The last thing I want to say is about education (page 66). "One can be educated, then, into a higher or lower level on the chart than his own aberrations call for". That is extremely reductive. I can imagine at least eight possibilities when taking into account the cognitive competence and motivation of the learner. An education can impair this cognitive competence and motivation permanently, an education can impair it temporarily, an education can improve it temporarily, an education can improve it permanently, an education can reinforce, permanently or temporarily, a low cognitive competence and motivation, and an education can reinforce, permanently or temporarily, the high cognitive competence and motivation. And I would totally disagree with what he says that the "tone" of a person is homogeneous at any taken moment (page 56).

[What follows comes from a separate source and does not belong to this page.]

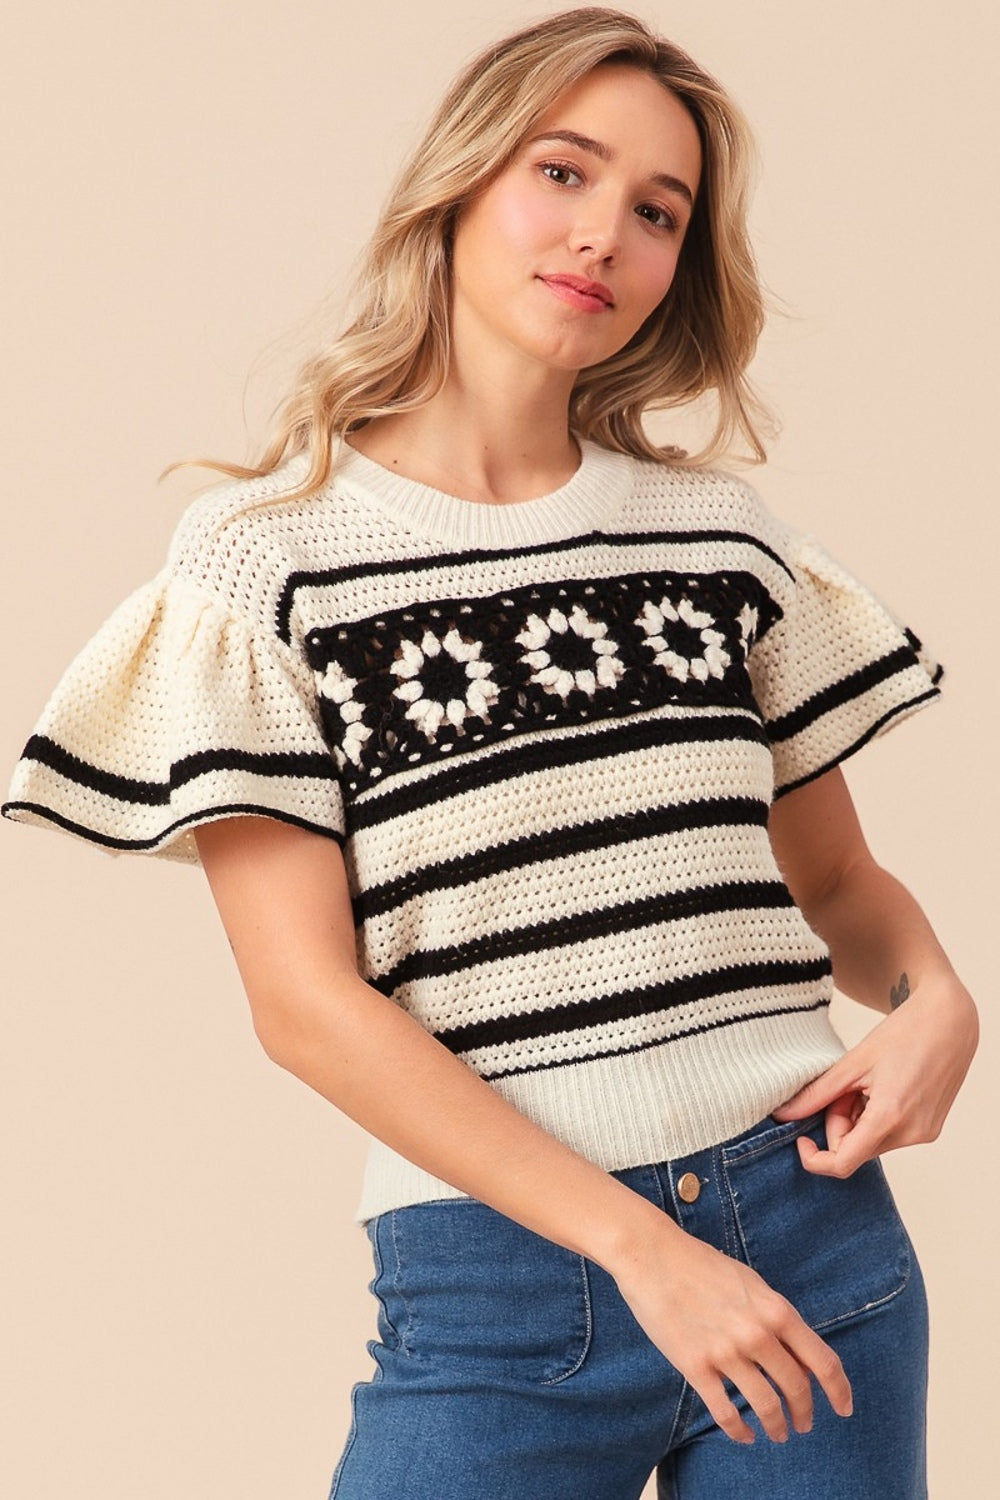 BiBi Granny Square Short Sleeve Striped Sweater

The cognitive competence and motivation of a learner can be low in one field and high in another, can be low in one chapter of one field and high in another chapter of that same field. There is no homogeneity in the cognitive profile of any learner. To state the reverse is to block the learner into failure. Arlette Chapelet should have told the church of Scientology that simple idea and she was not yet retired from her job in 1007, what's more in 2006 or 2005.

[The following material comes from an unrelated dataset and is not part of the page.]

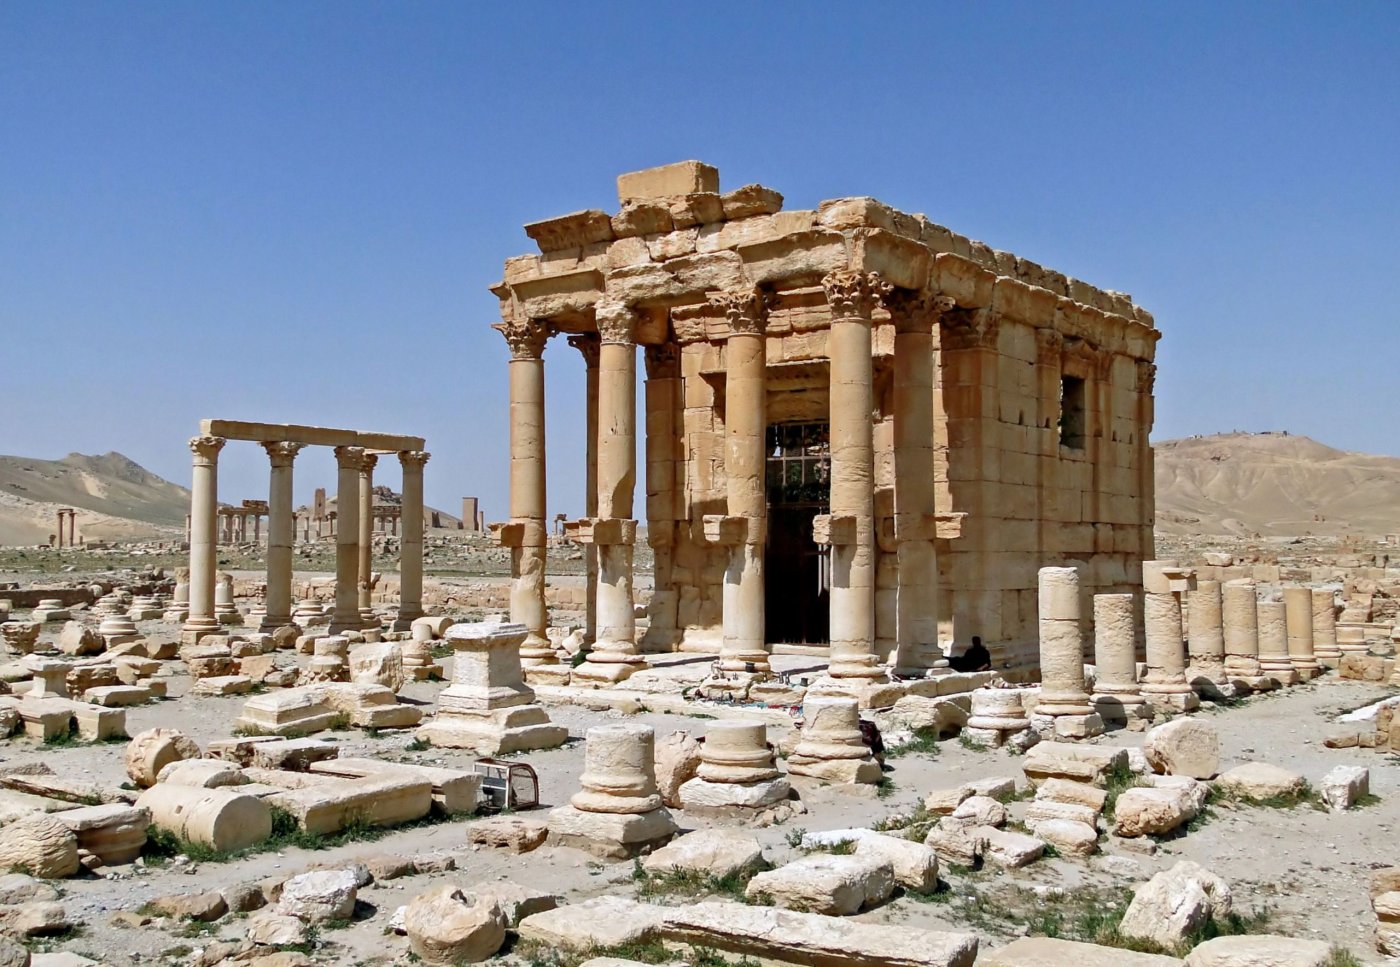  Temple of Baal-Shamin. Syria, Homs Governorate, Palmyra, Decumanus

To conclude I will say that the thinking process of this book is both excessively metaphorical and subsequently syncretic replacing the analysis of intelligence, thinking and mental perception, not to speak of cognitive competence and motivation, with easy and totally unjustified comparisons. How can he compare the psychosomatic effects of any psychological approach (and by far not only the dianetic or scientological approaches) of diseases like arthritis, a heart condition or depression to the extremely destructive power of an A-Bomb? This is comparing birds and carrots or dandelions and dogs.

To compare is not to prove and to put one thing next to another does not in any way create a logical intrinsic relation between the two things. That's abusive rhetoric in the place of proper thinking.